Hi all. I need to get the row count for individual SELECT statements in an UNION ALL SELECT query that uses LIMIT. The MySQL docs are pretty clear about getting the global row count for the query (place individual SELECTs in parenthesis and place an SQL_CALC_FOUND_ROWS only in the first statement, then get FOUND_ROWS() the usual way). However, I also need the result row count for the individual SELECT statements. The query, simplified:

(SELECT SQL_CALC_FOUND_ROWS `field1`,`field2` FROM `db`.`table1` WHERE `id`>1000)
UNION ALL
(SELECT `field1`,`field2` FROM `db`.`table2` WHERE `id`>1000)
UNION ALL
...
(SELECT `field1`,`field2` FROM `db`.`tableN` WHERE `id`>1000)
LIMIT 0,10

If SQL_CALC_FOUND_ROWS is placed in every SELECT statement an "Incorrect usage/placement of 'SQL_CALC_FOUND_ROWS'" error is issued. Google this a lot, read related messages here, to no avail. Might be something really simple, I just can't get my mind arround it.
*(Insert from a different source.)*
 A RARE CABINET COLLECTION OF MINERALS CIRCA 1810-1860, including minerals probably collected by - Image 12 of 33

Many thanks.

A: 

You're getting that error because SQL_CALC_FOUND_ROWS can be used on a query to return a single number into FOUND_ROWS().
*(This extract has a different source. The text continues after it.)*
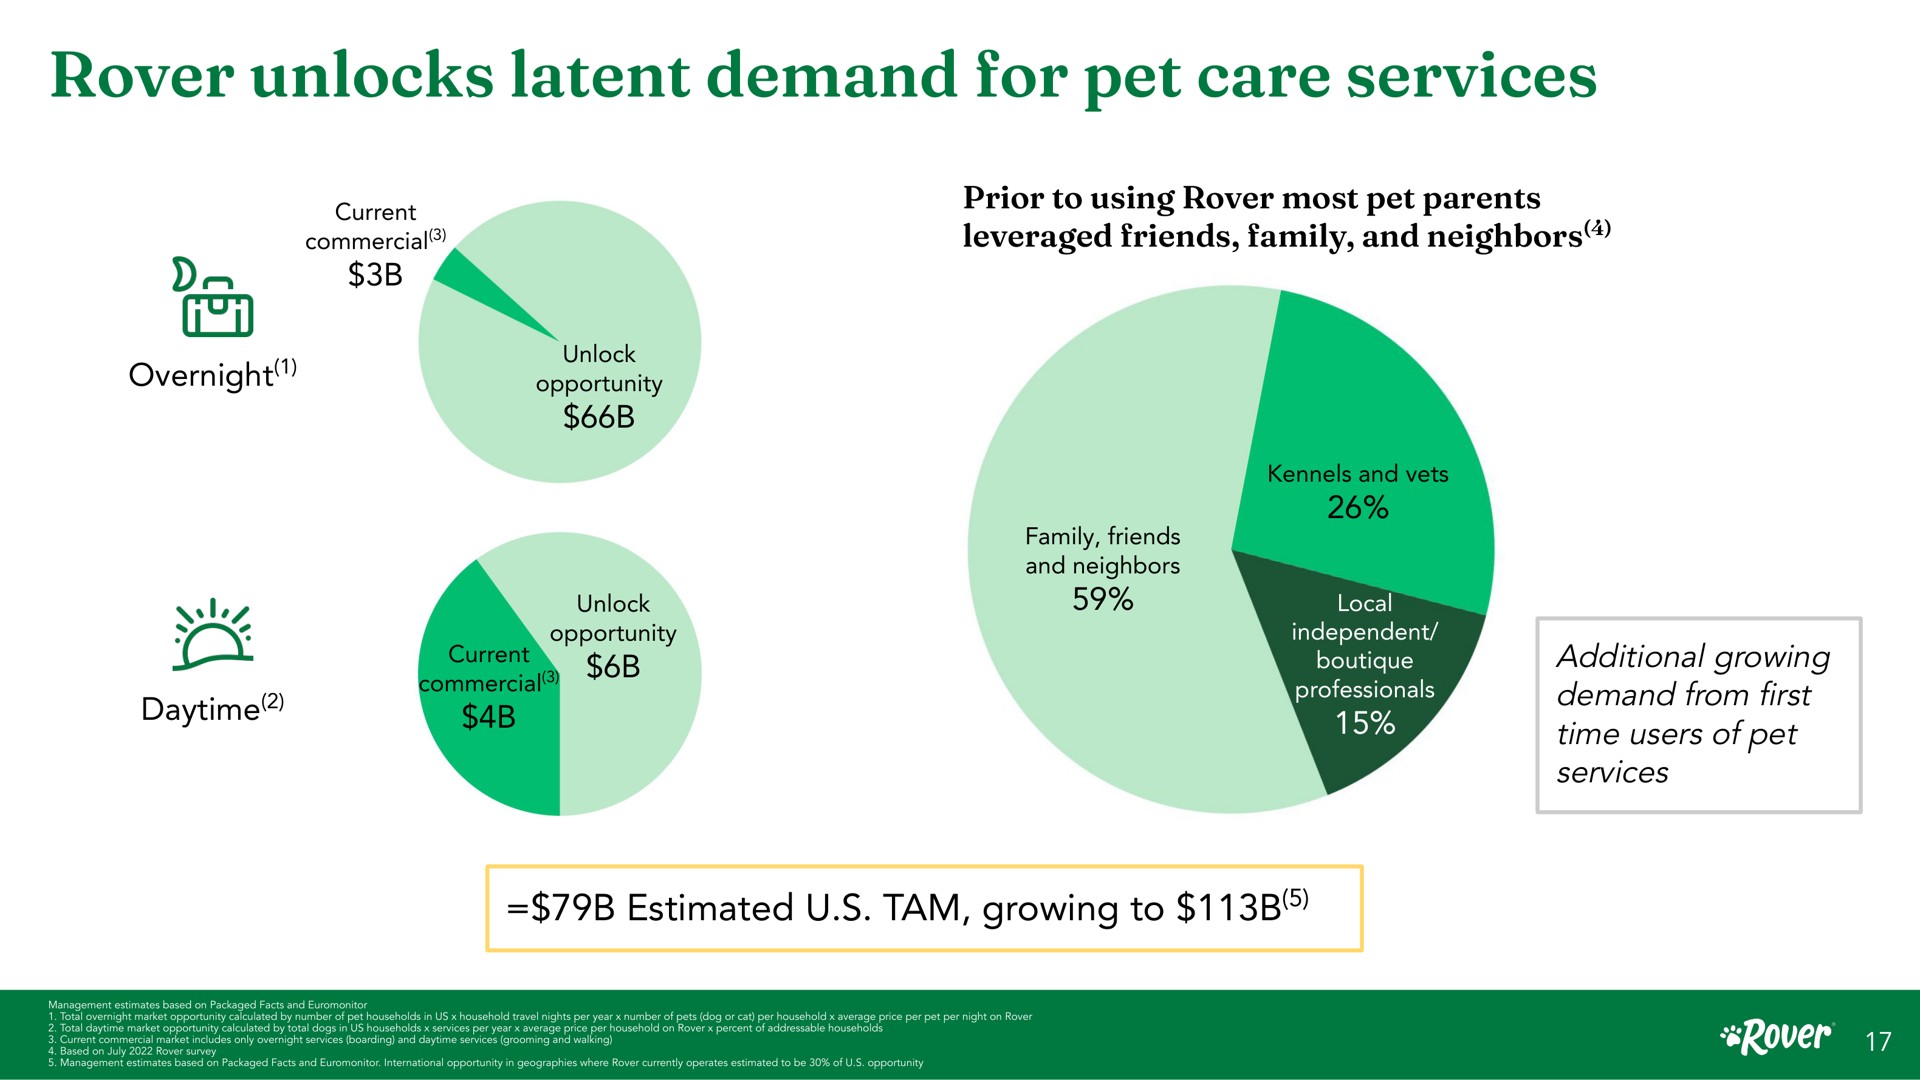 rover unlocks latent demand for pet care services current commercial overnight elegy daytime unlock opportunity unlock opportunity prior to using most parents leveraged friends family and neighbors family friends and neighbors local independent additional growing from first time users of estimated tam growing to | Rover

You can get back counts doing this:

SELECT 'table1' AS tablename, COUNT(1) AS rowcount FROM table1 WHERE id > 1
UNION ALL
SELECT 'table2' AS tablename, COUNT(1) AS rowcount FROM table2 WHERE id > 1
...
SELECT 'tableN' AS tablename, COUNT(1) AS rowcount FROM tableN WHERE id > 1

if that helps.

If you want to return the rows from the tables with a count then modify it:

SELECT field1, field2, (SELECT COUNT(1) FROM table1 WHERE id > 1000) FROM table1 WHERE id > 1000
UNION ALL
SELECT field1, field2, (SELECT COUNT(1) FROM table2 WHERE id > 1000) FROM table2 WHERE id > 1000
...
SELECT field1, field2, (SELECT COUNT(1) FROM tableN WHERE id > 1000) FROM tableN WHERE id > 1000

From your question, it's not precisely clearly what you're trying to achieve.

cletus
Thanks. I'm trying to get the number of results for each individual select, ALONG with the total number if results (that's why I used SQL_CAL_FIND_ROWS and it works neatly). Gave your first solution a try, and ran into this: http://bugs.mysql.com/bug.php?id=43912. If I'd manage to circumvent it, that would probably be it. The second solution works a charm, but involves a nested query with possible performance penalty (not sure how severe, working on a small database now), because the original WHERE clause is a lot more elaborate (id>1000 is just an example). Any thoughts? Thanks again.
Webmaster
Forgot to mention: also, second solution is inconvenient because I need counts separately, NOT in every row.
Webmaster
Accepted the second solution as the closest to what I need, although it places counts in each row, but due to LIMIT there are counts the are not returned (because *rows* containing them are not returned). A combination of the two would have been ideal, if not for the above mentioned bug. Gave up, will do counting in separate queries. Thank you.